Un destello de luz en las pupilas de la joven fue lo más parecido a una sonrisa. Él se despegó de la ventana y se sentó en otra banqueta.

—Quiero que recobres la felicidad que te robaron.

—Eso es imposible. La felicidad sólo existe en la niñez y en la adolescencia. Y eso ha quedado muy lejos.

—Si no te hubieran quitado el prado, tu vida habría sido otra.

—¿Quién decide nuestros destinos? Cuando con sólo veintiún años os mandaron a África a Pedrín y a ti, no sólo jugaron con vuestras vidas. De golpe eliminaron vuestra juventud y pusieron en cuestión vuestra felicidad. Cuando con 18 años vine a Madrid, también acabaron para mí muchas cosas.

—Quizá se pueda recuperar ese prado todavía.

—No lo quiero. Quise obtenerlo para dárselo a mis padres. ¿Quién me queda allí ahora? Dos hermanos. Uno que reniega de mí, que me odia, y el otro pusilánime e indiferente. No podría convivir de nuevo con ellos.

—El pueblo no son ellos ni los Carbayones.

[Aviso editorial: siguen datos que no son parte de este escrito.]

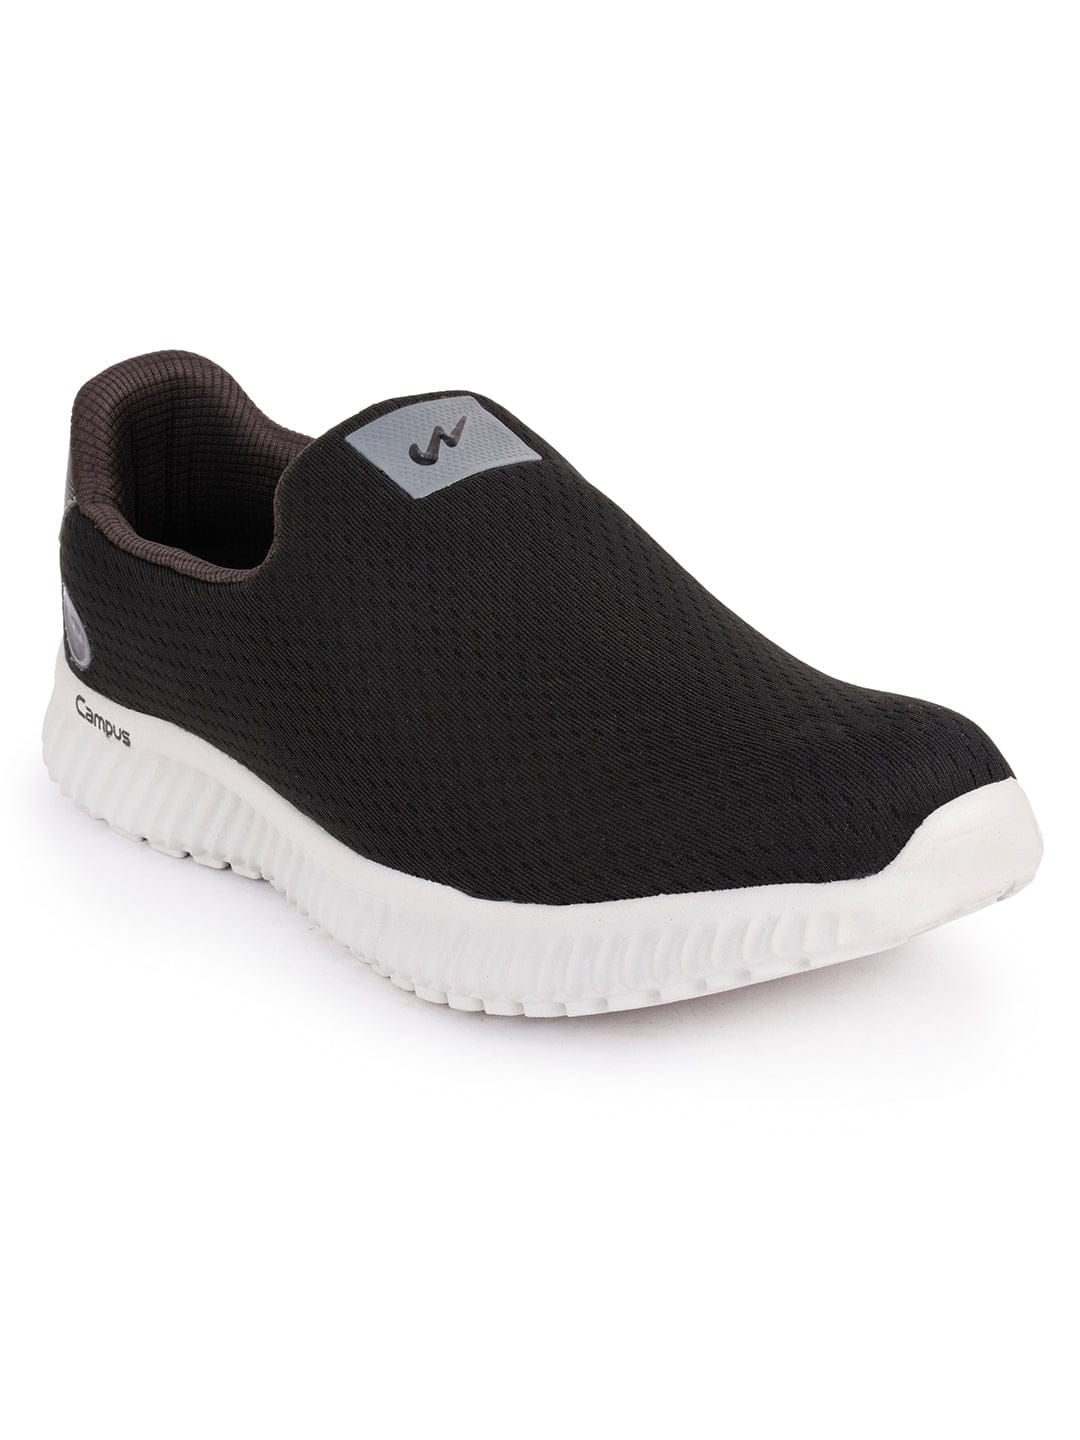 Buy OXYFIT N Black Men's Walking Shoes online | Campus Shoes

—No creo que quiera regresar nunca.

Salió del portal cuando las sombras se anunciaban. Vio a los chicos cazando murciélagos con botes de humo cogidos con largos alambres, que movían en círculos sobre sus cabezas para activar las brasas. Jugaban en medio de la calzada. Vio que se apartaban al aproximarse un camión. Luego, siguieron con sus juegos en la misma calzada vacía. Echó hacia abajo por el centro de la acera. Los faroleros iban encendiendo las luces de gas en los faroles de hierro. Con su mechero de palo metálico, como si fuera una lanza, abrían la espita del gas, situada alta en la base del farol, y daban a la chispa de encendido. Tanteaban primero para ver si los bulones roscados estaban o no. Como eran de plomo los robaban y dejaban el casco suelto. Se dieron cuenta de esta circunstancia cuando a un farolero se le cayó encima la caja y lo mató. El gasista miraba que la llama de gas fuera estable, se cargaba luego la barra al hombro como si fuera una escopeta y se dirigía a otro farol, haciéndose varios kilómetros cada noche. Manín caminó por la calle de Guillermo de Osma dejando a su derecha las Casas Baratas de Primo de Rivera. Desde la glorieta circular de la Beata María Ana de Jesús divisó la Alcoholera, situada en la calle de Embajadores. Estuvo aguardando hasta que vio salir al personal. Lo divisó entre otros, luciendo su hábito morado de Jesús de Medinaceli y sus rizos negros como la obsidiana. Lo observó y siguió hasta verlo caminar solo. Se le acercó. Ramón se sobresaltó al ver surgir su alta figura ante él.

—¡Coño!, qué susto me has dado.

—¿Sabes quién soy?

—Claro. Entras y sales de casa de mi vecina como el amo en su guarida. ¿Qué quieres?

—Poca cosa. Que la dejes en paz.

Ramón se echó hacia atrás mirando hacia arriba furibundo.

—¡Qué dices! ¡Que me deje ella en paz a mí! ¿Qué te ha contado esa zorra? ¡Voy a denunciarla! ¡Y a ti también, por amenazar a un hombre honrado que sale de su trabajo! ¡A ver si acabamos de una vez con toda la morralla roja!

—Sólo te lo diré una vez más; déjala en paz.

Se apartó y empezó a alejarse. Ramón estalló:

—¡Qué te has creído, desgraciado! ¿Sabes con quién hablas? ¡Soy el jefe de casa! ¡Echaré a esa roja!

La gente se paraba a mirar brevemente. Gritos y peleas eran tan normales como la pobreza que, con frecuencia, las provocaban. Manín se diluyó en la noche y el otro quedó mascullando.

En la mañana del día siguiente Rosa oyó fuertes golpes en su puerta. Abrió. Los uniformes grises volvieron a torturar su mirada.